The storm raged with unabated fury, and the rain pouring in at the dilapidated door threatened to flood the room. Presently the sick man raised his head a little way from the pillow.
“Lass,” he said, “could you get me a drop o’ wine? I think, if I could drink a drop o’ wine, it would put some strength into me somehow.”
“Grandmother,” said the girl, “can I get him any? You’ve got some money; it’s only just gone twelve; I can get in at the public-house. I will get in, if I knock them up, to get a drop o’ wine for Jim.”

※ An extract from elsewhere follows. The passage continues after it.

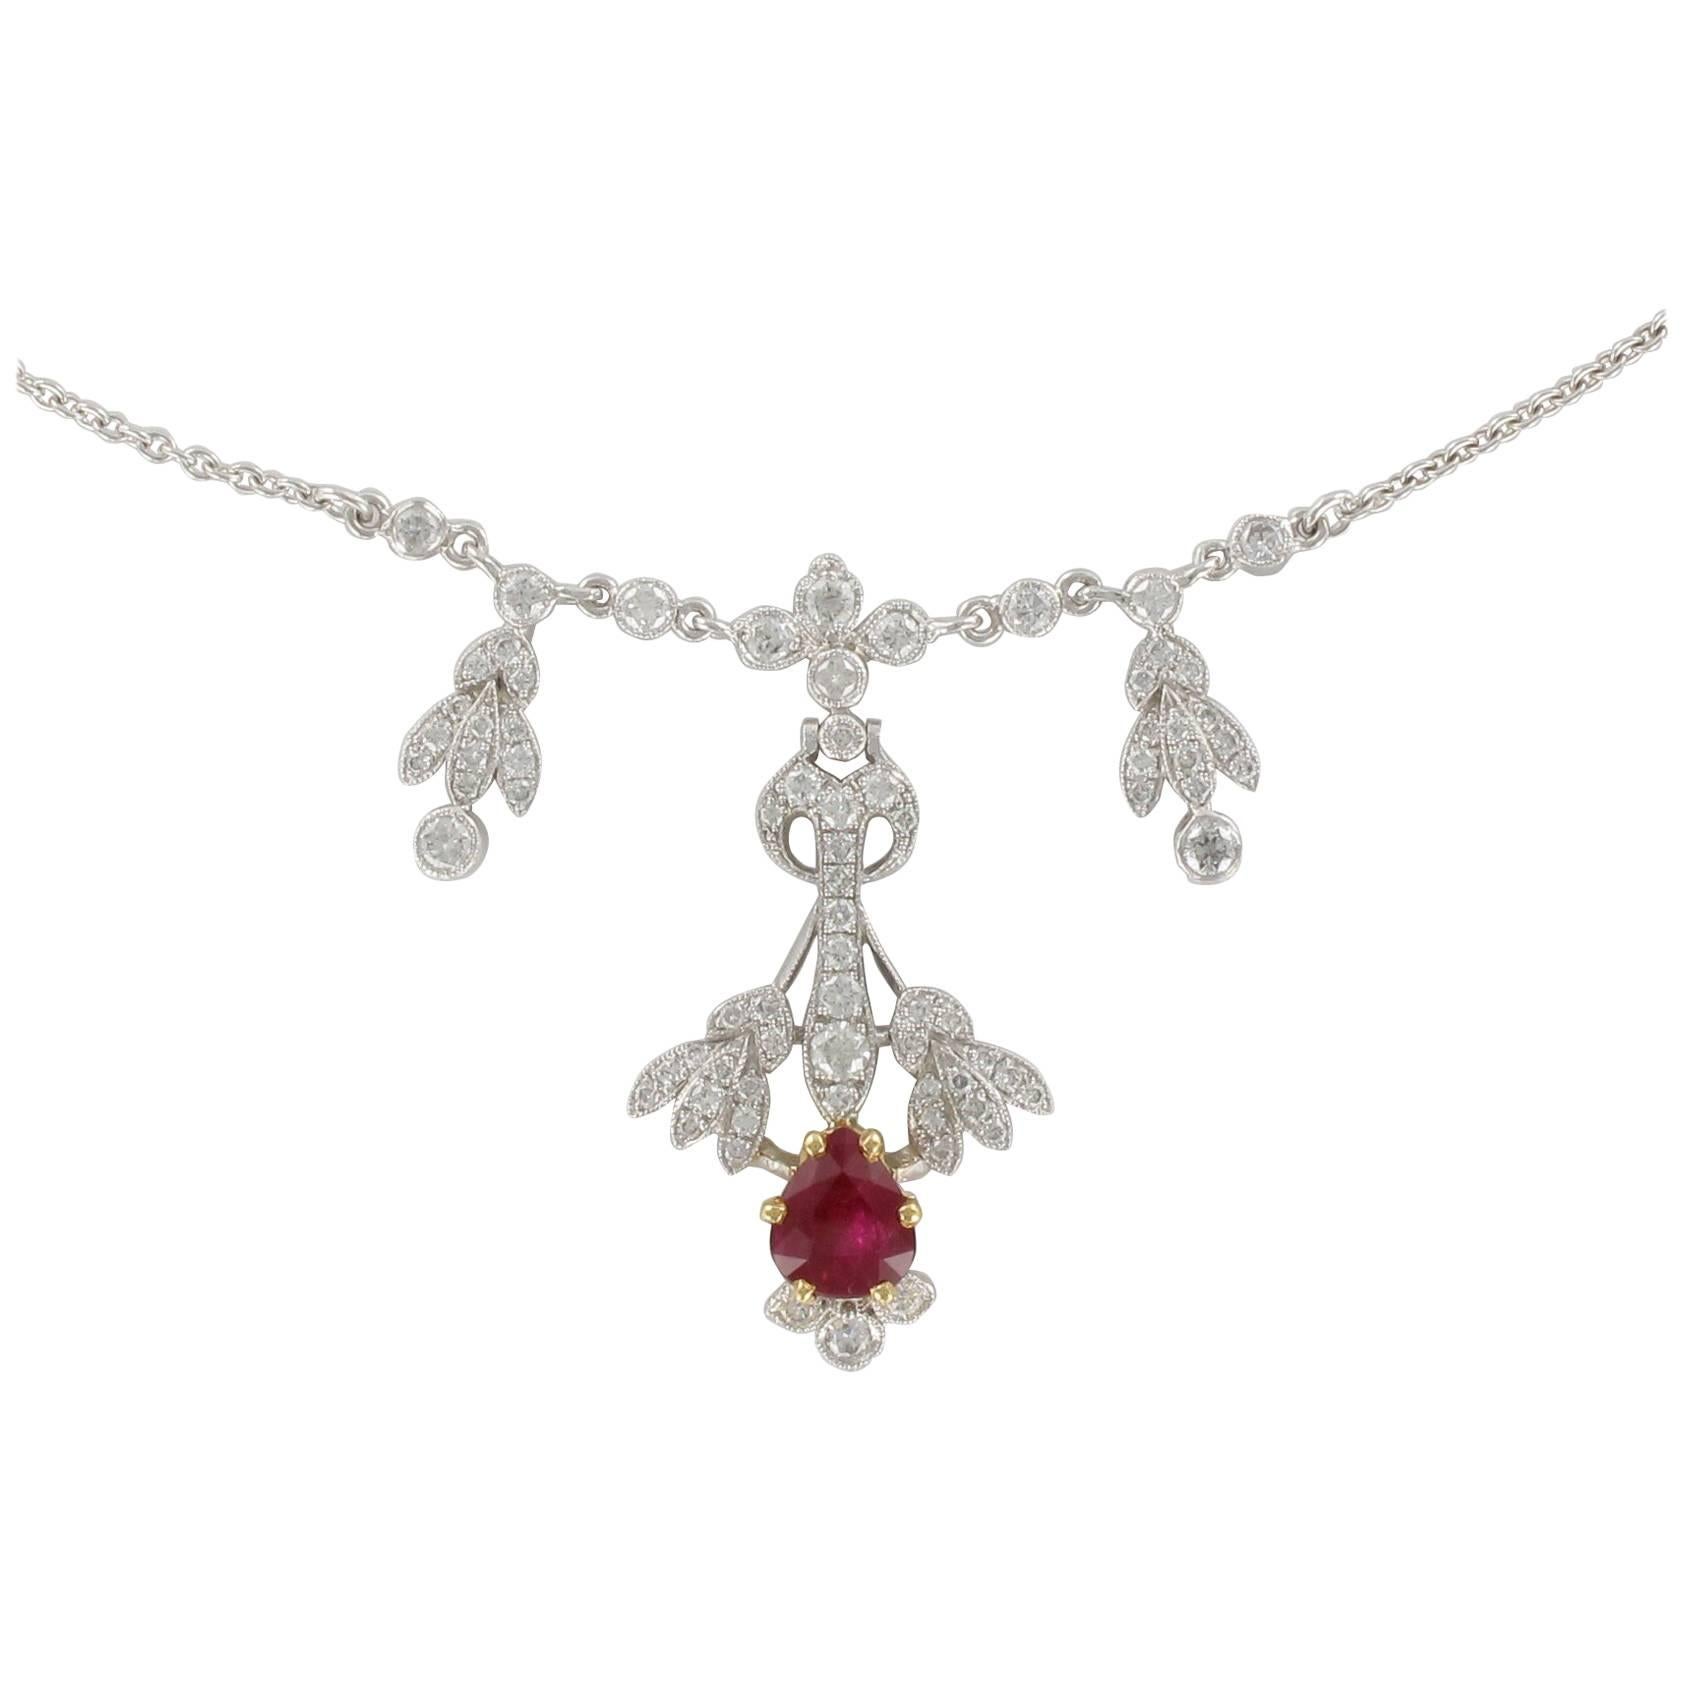 Collier pendentif de style Belle poque en platine avec rubis de 1,16 carat et diamants de 1,06 carat

The old woman fumbled among her rags and produced a sixpence, part of the money given her from the slender purse of the benevolent Jabez, and the girl hurried away to fetch the wine.
The public-house was called the Seven Stars; the seven stars being represented on a signboard in such a manner as to bear rather a striking resemblance to seven yellow hot-cross buns on a very blue background. The landlady of the Seven Stars was putting her hair in papers when the girl called Sillikens invaded the sanctity of her private life. Why she underwent the pain and grief of curling her hair for the admiration of such a neighbourhood as Blind Peter is one of those enigmas of this dreary existence to solve which the Œdipus4 has not yet appeared. I don’t suppose she much cared about suspending her toilet, and opening her bar, for the purpose of selling sixpennyworth of port wine; but when she heard it was for a sick man, she did not grumble. The girl thanked her heartily, and hurried homewards with her pitiful measure of wine.